Exercise —
Below is a set of entries. Print the line that contains "Schuhe und Teddybären" and every later line word for word, through the final one.

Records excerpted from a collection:
--------
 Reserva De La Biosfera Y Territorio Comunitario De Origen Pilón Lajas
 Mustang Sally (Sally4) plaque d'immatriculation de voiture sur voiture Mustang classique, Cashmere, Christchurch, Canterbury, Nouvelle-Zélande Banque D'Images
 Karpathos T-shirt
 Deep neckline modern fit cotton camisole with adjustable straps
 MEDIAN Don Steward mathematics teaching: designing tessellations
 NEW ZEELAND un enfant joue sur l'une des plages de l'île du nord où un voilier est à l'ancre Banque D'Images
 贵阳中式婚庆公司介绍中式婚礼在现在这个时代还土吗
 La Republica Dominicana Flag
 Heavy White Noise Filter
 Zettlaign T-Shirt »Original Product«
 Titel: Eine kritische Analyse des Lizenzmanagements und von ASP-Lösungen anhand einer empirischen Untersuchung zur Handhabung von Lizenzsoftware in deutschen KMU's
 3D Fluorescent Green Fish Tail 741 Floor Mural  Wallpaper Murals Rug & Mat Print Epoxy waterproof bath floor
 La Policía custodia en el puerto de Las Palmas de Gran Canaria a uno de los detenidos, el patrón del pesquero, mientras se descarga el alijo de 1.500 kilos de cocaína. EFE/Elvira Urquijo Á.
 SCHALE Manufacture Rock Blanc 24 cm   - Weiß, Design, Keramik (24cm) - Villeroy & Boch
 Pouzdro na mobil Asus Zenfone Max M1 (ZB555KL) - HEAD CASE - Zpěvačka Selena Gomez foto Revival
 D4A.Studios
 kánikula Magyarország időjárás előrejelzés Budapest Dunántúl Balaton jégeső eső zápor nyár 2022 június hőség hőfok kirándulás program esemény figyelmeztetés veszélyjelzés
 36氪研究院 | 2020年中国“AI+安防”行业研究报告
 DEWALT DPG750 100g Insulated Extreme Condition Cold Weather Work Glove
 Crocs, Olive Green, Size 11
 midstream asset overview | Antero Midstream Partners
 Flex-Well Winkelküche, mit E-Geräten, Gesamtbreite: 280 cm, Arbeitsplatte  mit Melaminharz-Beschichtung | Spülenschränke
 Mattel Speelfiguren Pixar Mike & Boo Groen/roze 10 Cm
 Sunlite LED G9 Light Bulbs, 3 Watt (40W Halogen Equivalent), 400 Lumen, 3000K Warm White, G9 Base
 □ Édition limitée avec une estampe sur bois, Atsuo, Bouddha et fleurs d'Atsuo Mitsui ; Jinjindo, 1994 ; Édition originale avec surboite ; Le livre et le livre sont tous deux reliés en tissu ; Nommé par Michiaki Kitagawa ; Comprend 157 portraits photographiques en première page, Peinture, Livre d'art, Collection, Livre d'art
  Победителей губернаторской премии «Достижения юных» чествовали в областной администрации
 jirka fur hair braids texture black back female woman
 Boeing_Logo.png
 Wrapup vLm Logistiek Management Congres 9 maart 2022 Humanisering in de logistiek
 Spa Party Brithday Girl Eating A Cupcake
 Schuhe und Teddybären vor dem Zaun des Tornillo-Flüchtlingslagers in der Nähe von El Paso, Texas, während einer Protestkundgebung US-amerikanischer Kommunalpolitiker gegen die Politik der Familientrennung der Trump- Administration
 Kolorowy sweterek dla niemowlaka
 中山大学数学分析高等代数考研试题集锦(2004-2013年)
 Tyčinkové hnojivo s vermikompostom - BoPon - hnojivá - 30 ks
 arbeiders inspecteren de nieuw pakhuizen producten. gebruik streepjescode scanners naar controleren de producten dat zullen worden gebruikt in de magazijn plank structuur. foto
--------
Result below —
 Schuhe und Teddybären vor dem Zaun des Tornillo-Flüchtlingslagers in der Nähe von El Paso, Texas, während einer Protestkundgebung US-amerikanischer Kommunalpolitiker gegen die Politik der Familientrennung der Trump- Administration
 Kolorowy sweterek dla niemowlaka
 中山大学数学分析高等代数考研试题集锦(2004-2013年)
 Tyčinkové hnojivo s vermikompostom - BoPon - hnojivá - 30 ks
 arbeiders inspecteren de nieuw pakhuizen producten. gebruik streepjescode scanners naar controleren de producten dat zullen worden gebruikt in de magazijn plank structuur. foto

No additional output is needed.